**Input material**
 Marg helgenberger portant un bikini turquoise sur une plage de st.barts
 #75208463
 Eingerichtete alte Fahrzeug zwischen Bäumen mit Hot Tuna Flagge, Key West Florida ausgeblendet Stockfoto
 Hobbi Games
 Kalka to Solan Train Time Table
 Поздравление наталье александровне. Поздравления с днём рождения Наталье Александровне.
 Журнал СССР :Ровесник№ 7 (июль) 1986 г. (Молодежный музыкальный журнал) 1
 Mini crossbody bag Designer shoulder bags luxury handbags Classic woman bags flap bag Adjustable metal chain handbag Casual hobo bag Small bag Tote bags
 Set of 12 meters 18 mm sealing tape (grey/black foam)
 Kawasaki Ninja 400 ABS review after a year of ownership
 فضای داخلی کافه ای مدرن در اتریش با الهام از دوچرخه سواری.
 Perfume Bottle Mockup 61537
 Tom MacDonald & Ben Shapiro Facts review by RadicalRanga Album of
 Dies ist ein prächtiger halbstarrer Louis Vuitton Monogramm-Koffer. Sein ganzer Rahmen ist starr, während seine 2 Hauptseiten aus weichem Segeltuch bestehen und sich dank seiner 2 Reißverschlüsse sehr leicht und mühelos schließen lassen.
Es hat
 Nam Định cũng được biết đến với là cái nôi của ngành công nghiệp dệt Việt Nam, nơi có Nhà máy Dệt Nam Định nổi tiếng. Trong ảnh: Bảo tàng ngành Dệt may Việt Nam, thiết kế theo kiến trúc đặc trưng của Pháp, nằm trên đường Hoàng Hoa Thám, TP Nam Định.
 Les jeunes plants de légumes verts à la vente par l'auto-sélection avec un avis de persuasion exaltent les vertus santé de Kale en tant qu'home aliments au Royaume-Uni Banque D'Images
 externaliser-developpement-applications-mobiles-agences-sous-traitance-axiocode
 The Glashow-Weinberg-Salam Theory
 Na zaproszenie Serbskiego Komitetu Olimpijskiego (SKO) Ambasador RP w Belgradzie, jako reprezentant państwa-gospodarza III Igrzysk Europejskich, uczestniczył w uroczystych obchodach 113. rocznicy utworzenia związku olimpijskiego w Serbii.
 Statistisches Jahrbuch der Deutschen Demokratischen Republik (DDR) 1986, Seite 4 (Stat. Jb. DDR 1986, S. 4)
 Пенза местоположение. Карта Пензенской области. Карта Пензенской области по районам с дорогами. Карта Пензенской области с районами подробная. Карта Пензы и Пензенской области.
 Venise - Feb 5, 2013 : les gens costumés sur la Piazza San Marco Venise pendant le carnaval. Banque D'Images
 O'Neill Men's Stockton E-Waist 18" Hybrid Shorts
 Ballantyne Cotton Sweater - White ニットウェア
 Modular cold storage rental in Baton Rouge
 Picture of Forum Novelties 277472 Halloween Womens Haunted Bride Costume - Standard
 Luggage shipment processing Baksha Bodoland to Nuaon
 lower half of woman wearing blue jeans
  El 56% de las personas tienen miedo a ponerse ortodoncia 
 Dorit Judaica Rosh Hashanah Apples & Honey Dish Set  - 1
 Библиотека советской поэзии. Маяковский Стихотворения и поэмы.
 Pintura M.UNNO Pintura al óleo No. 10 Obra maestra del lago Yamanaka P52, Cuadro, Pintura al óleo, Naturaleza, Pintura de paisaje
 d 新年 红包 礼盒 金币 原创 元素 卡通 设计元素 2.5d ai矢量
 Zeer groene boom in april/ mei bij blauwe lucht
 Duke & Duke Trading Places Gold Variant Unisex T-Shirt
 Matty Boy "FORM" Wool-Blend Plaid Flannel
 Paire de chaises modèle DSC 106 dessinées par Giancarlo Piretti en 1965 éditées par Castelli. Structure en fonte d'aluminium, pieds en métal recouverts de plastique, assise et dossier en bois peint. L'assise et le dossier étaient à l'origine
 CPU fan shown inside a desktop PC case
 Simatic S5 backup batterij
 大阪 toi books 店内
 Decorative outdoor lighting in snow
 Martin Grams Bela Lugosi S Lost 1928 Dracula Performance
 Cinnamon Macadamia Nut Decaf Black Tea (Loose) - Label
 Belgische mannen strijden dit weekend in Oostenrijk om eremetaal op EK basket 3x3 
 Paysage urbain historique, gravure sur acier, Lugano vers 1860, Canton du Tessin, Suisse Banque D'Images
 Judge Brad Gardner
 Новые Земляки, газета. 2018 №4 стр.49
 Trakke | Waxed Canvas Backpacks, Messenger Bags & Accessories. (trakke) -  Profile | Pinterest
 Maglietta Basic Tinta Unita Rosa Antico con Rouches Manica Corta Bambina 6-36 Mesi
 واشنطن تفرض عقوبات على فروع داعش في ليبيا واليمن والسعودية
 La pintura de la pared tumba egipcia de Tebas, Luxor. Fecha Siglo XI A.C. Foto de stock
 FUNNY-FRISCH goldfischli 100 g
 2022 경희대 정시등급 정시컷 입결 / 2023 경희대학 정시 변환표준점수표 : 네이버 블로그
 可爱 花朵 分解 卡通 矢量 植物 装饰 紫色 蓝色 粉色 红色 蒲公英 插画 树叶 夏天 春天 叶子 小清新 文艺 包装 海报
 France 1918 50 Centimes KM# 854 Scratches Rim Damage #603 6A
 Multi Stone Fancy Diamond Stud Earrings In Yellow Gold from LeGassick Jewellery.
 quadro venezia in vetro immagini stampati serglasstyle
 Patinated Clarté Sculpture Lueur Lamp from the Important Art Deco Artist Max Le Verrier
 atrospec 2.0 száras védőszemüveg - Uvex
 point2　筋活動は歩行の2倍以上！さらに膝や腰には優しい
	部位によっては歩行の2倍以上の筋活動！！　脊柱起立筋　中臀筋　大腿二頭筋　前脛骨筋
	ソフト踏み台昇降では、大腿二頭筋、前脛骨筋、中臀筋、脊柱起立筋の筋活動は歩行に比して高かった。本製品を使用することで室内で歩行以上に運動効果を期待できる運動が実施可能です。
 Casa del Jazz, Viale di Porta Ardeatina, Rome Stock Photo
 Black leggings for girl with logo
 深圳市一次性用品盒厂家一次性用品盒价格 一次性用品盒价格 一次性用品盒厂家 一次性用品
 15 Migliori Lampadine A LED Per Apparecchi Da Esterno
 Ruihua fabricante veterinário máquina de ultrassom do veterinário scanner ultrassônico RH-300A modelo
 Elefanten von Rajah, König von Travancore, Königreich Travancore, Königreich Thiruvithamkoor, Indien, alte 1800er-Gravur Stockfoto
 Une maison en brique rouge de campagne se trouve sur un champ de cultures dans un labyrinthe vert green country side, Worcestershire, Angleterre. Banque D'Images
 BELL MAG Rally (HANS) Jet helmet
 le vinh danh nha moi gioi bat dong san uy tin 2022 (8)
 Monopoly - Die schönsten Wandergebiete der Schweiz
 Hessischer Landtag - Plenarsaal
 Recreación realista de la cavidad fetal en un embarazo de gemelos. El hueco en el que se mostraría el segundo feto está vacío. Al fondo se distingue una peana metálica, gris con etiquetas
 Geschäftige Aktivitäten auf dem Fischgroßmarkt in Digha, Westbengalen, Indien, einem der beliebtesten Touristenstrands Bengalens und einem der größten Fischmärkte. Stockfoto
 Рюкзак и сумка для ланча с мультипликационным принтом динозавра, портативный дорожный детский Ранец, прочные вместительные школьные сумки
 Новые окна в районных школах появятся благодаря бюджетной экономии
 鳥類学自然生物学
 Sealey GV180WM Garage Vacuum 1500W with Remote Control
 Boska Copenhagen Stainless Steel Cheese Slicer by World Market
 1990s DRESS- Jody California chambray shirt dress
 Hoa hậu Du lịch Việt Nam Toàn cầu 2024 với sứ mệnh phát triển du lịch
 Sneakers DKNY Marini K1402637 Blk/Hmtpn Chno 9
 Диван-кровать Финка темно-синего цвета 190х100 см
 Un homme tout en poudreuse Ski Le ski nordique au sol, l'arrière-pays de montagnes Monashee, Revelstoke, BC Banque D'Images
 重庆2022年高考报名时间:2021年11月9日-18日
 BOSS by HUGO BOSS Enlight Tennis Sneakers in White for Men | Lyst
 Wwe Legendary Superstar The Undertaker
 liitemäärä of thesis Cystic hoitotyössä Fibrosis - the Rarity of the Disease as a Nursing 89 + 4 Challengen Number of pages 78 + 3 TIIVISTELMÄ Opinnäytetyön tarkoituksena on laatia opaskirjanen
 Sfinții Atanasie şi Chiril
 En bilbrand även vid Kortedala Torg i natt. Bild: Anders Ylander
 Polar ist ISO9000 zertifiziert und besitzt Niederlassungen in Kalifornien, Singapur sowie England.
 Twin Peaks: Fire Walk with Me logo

**Task**
Looking at the records, state how many lines contain "woman" and write nothing besides that number.

**Reply**
2